> [THE RECORDS]
- Opening Delimiter -

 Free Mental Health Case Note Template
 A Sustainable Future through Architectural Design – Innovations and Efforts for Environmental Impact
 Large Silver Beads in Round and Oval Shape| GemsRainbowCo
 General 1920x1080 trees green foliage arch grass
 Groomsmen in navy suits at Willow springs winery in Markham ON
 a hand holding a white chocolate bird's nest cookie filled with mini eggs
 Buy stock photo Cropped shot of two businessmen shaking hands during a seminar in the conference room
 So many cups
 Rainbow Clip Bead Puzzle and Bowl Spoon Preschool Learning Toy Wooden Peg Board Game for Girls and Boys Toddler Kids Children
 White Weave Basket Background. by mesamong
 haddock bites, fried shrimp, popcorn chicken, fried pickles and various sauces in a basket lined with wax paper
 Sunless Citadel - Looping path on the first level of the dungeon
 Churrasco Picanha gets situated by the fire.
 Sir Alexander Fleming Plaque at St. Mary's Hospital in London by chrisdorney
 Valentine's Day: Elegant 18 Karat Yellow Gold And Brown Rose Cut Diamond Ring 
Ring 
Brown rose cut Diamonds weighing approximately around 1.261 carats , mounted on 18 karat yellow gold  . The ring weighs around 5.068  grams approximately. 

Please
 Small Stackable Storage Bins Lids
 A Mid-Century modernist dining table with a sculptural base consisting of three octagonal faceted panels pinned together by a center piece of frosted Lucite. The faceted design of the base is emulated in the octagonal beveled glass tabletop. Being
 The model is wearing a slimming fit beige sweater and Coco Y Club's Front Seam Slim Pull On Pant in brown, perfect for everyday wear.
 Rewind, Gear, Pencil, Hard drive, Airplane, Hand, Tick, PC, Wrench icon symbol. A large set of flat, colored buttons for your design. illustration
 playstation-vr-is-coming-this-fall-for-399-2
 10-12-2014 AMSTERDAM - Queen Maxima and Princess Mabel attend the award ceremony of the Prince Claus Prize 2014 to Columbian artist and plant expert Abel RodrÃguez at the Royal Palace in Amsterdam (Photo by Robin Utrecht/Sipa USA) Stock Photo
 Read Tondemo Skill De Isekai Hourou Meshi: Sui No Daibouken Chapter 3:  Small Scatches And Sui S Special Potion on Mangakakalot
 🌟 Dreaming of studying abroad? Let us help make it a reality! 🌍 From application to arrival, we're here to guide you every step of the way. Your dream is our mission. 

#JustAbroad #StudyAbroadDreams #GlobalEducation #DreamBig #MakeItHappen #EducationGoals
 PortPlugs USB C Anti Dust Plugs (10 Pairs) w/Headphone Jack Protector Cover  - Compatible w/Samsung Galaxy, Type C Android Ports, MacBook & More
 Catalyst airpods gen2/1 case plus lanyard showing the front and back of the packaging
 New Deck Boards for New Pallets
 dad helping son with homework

- Closing Delimiter -

> [WHAT YOU SHOULD DO] Each line above where the word "Small" occurs should be returned in full.

> [TASK OUTPUT]
 Small Stackable Storage Bins Lids
 Read Tondemo Skill De Isekai Hourou Meshi: Sui No Daibouken Chapter 3:  Small Scatches And Sui S Special Potion on Mangakakalot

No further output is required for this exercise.